My sisters started texting in our group chat that there were gun shots at the parade- and I told them that it was probably police officers firing off rifles to commence the start of it. The same thing I had told myself earlier. I did start to notice the sounds of sirens going on, the ambulances flying by through the trees of the pathway I was on. Then my sister sent the article “mass shooting in highland park, IL. Breaking update”.
I turned around and started running home. I sent the link to my friends. My boyfriend called me to see where I was and met me on the trail to walk me home. I kept telling him I was fine- still not truly convinced that a shooting had just happened in highland park.
When I got home my sister and mom were there, and my dad was on his way home. The news was on with breaking updates. It was real. My phone started flooding with check in texts and new information for what’s going on. I shut down.
Highland Park is home. It was where I felt safest. I would feel safe walking my dog at 3 am in the dark- that’s how comfortable I felt. “Nothing bad happens in highland park” are the words I used to hear to be comforted about being home alone.

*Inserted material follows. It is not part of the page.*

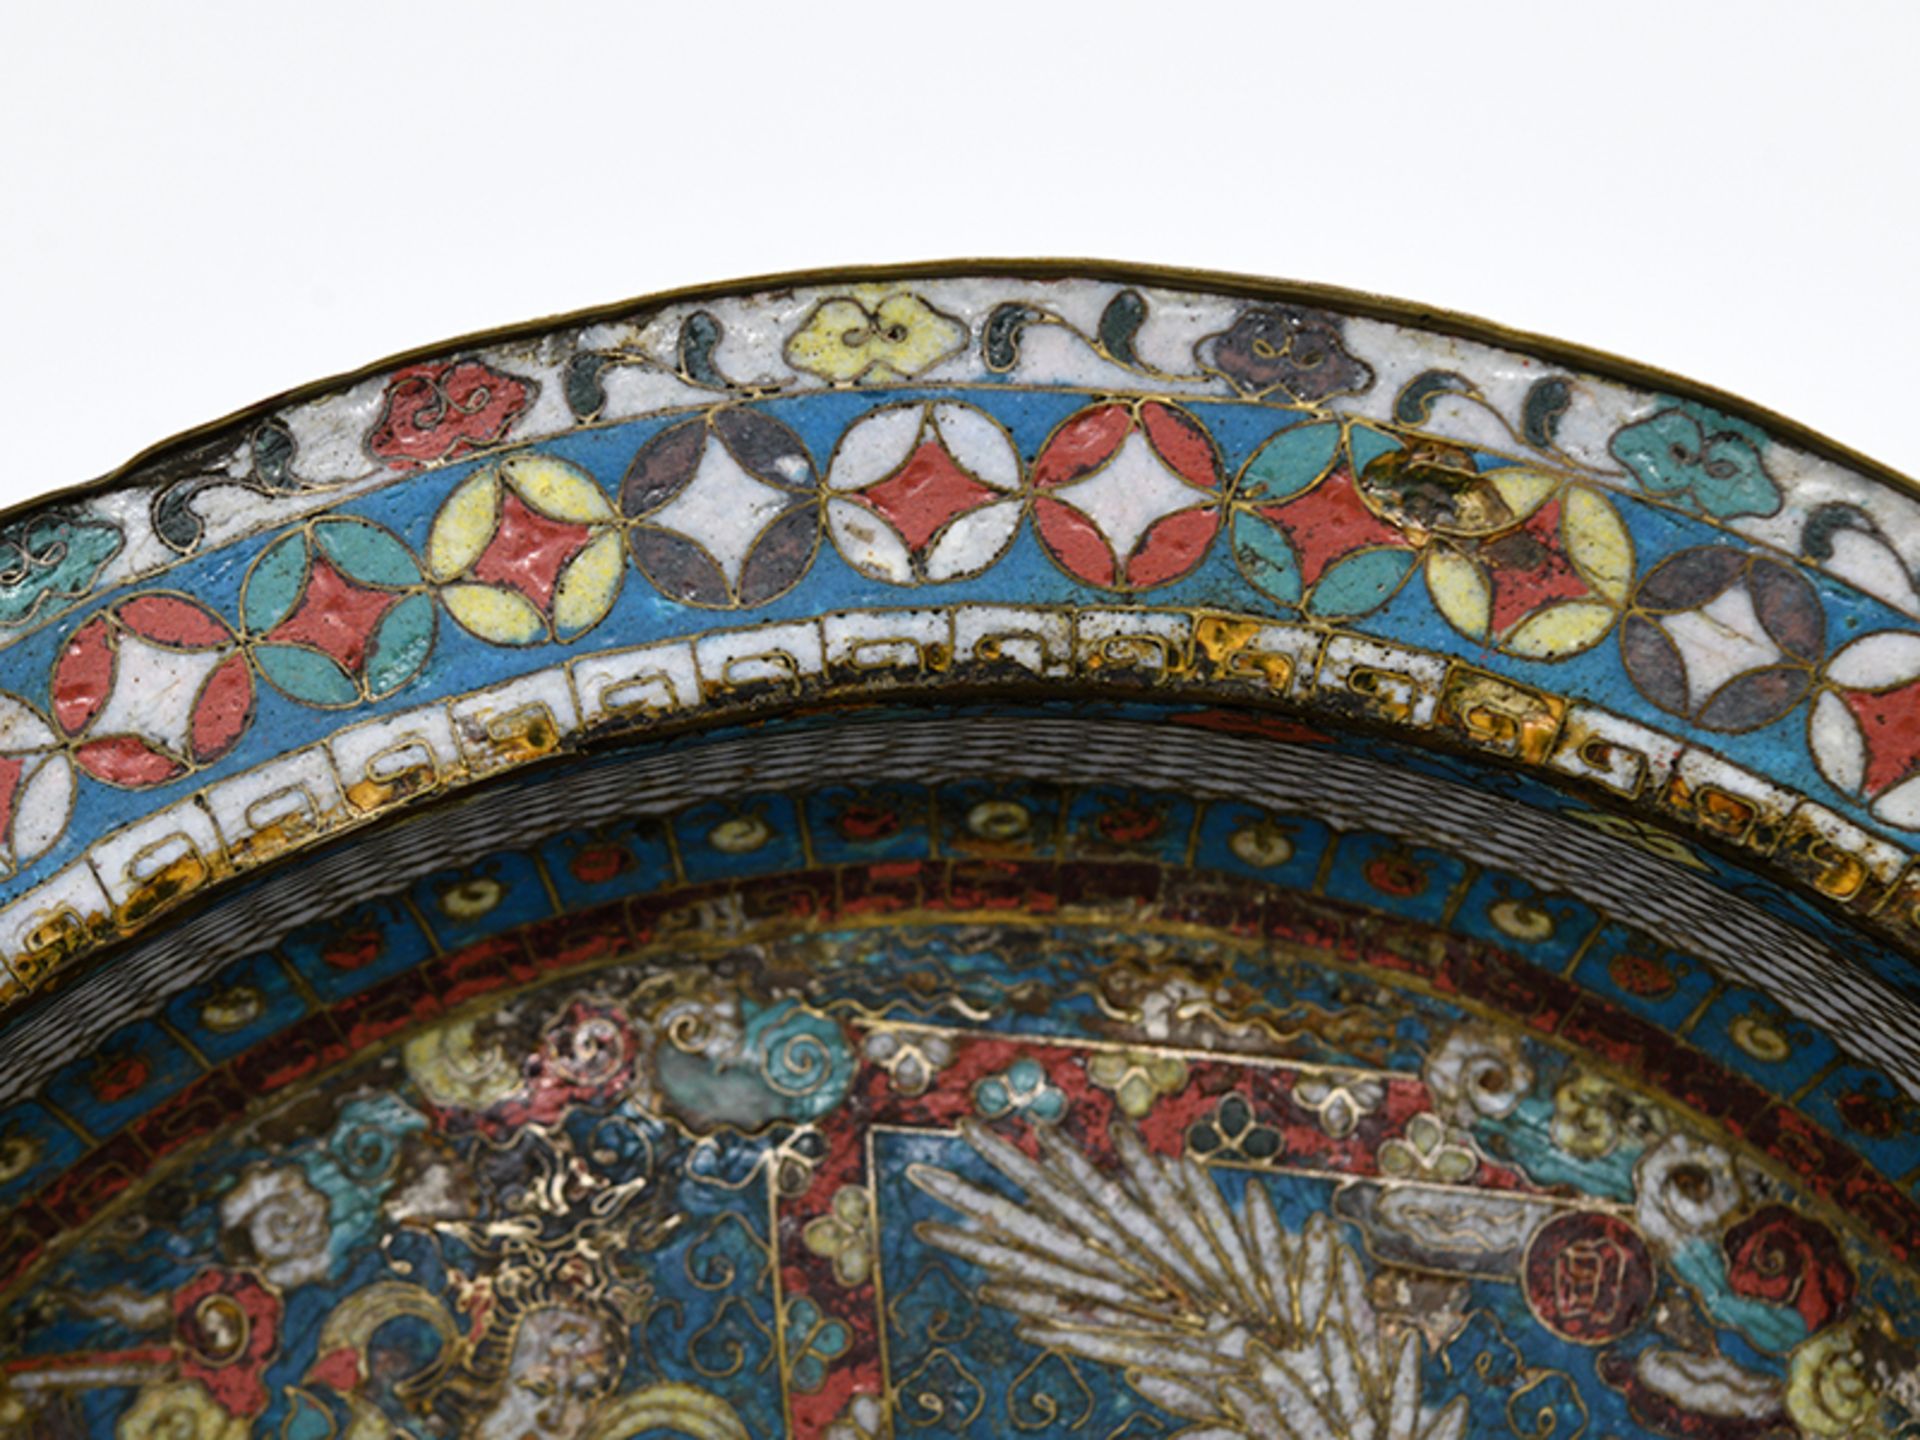 Große Emaille-Cloisonné-Beckenschale; China; frühes 17. Jh.Messing; innen und auf der Fahne farbiger - Image 3 of 11
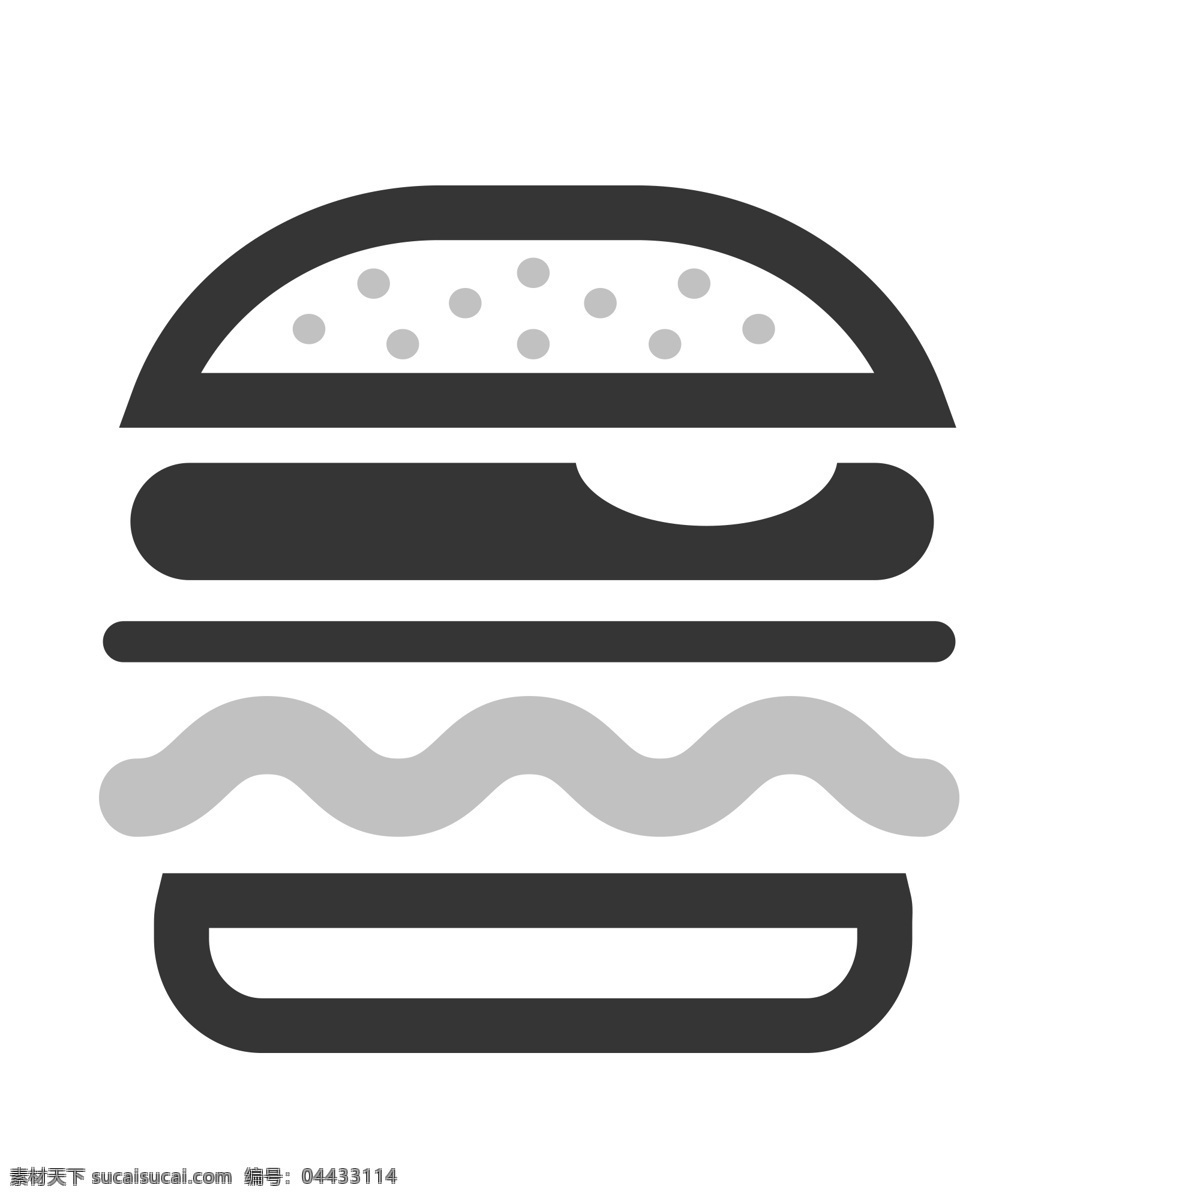 扁平化汉堡 汉堡包 扁平化ui ui图标 手机图标 界面ui 网页ui h5图标

I am heartbroken. Truly. I cry whenever a shooting happens. I feel it in my heart. But when it happens in my own community? The town I grew up in? I’m not sure I found the words for that part yet. I know how to type out everything that happened leading up to it- but describing the aftermath falls short. I’m devastated. Numb, shocked, sad.
Sometimes I find writing as an outlet. I don’t even know what I’m writing right now. A shooting in my own home? It just isn’t something I can process. I hope everyone is doing as okay as possible. I’m still trying to figure it out myself. It’s unthinkable.
If anyone needs to talk- I’m here.
And the last thing I’ll say: national gun reform. Now.